I wasn’t the only one with hurt feelings. The debate raged on Facebook. One commenter wrote, “People picking Chick-fil-A over Hardee’s need to have a real buttermilk biscuit introduced to their life.” Another added, “Sorry, Bojangles should have won.”

As the contest went on, it came down to the final four: Hardee’s squaring off against Parker’s, and West Virginia legend Tudor’s Biscuit World against Norfolk, Virginia’s Handsome Biscuit. A national TV morning show got in on the fun, with the hosts delightedly digging into a pile of the surviving competitors (“Mine has a hash brown on it!”), and local news outlets cheered on their hometown favorite.

I won’t pretend the discourse was always congenial. Let’s just say emotions ran high. In the end, it was the Tudor’s Mountaineer—laden with country ham, egg, cheese, and a crunchy hash brown—versus the Parker’s sausage, egg, and cheese for the title. For four days, voting tipped one way, then the other. But Tudor’s ultimately took the crown with 56 percent of the vote. “I have had my own body weight in Tudor’s,” one fan noted. “Next to my grandmother’s, so far, there are none better.”

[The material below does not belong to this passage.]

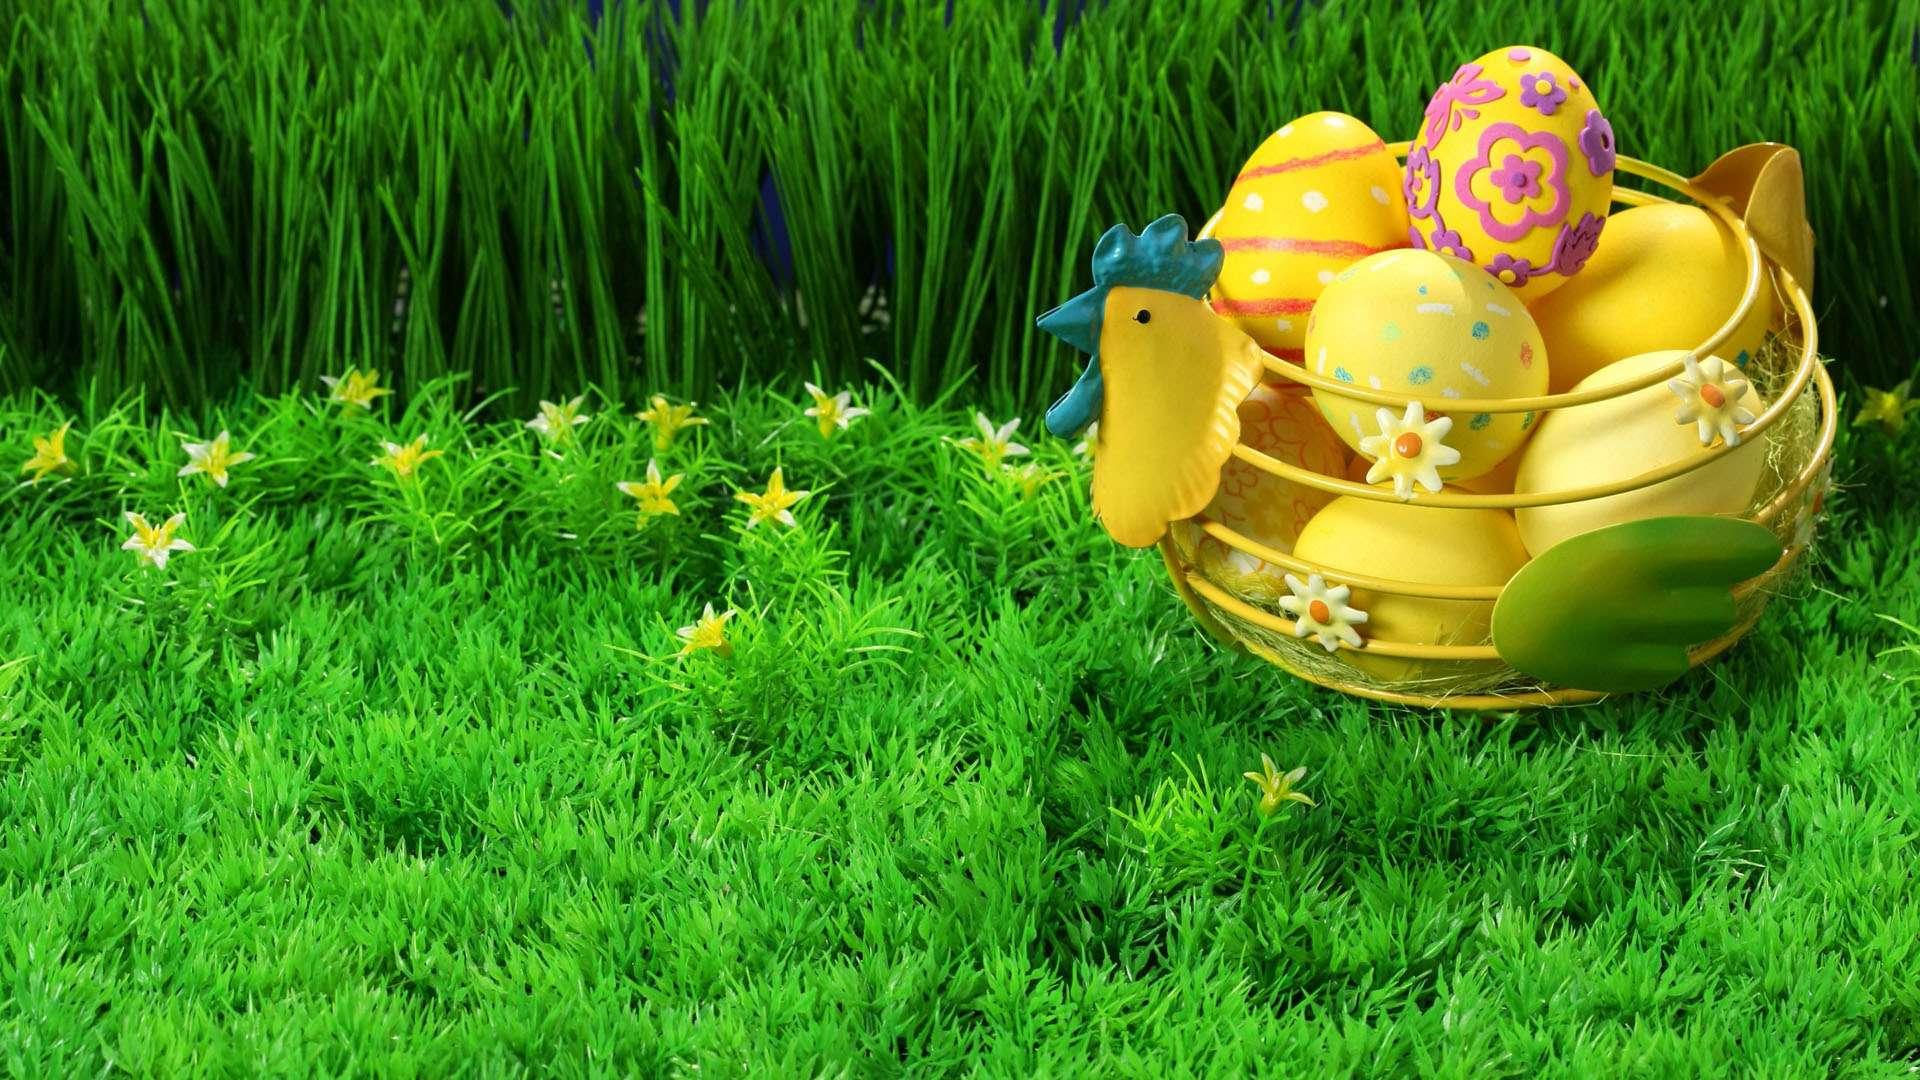 99 Easter Eggs Hd Wallpapers On Wallpapersafari

Follow DiBenedetto on Instagram and X (formerly Twitter) @davedibenedetto


David DiBenedetto is the senior vice president and editor in chief of Garden & Gun. He is the author of On the Run: An Angler’s Journey Down the Striper Coast and the cohost of The Wild South podcast. A native of Savannah, DiBenedetto now resides in Charleston, South Carolina, with his wife, Jenny, their two children, and their Labrador retriever, Story. Follow @davedibenedetto on Instagram.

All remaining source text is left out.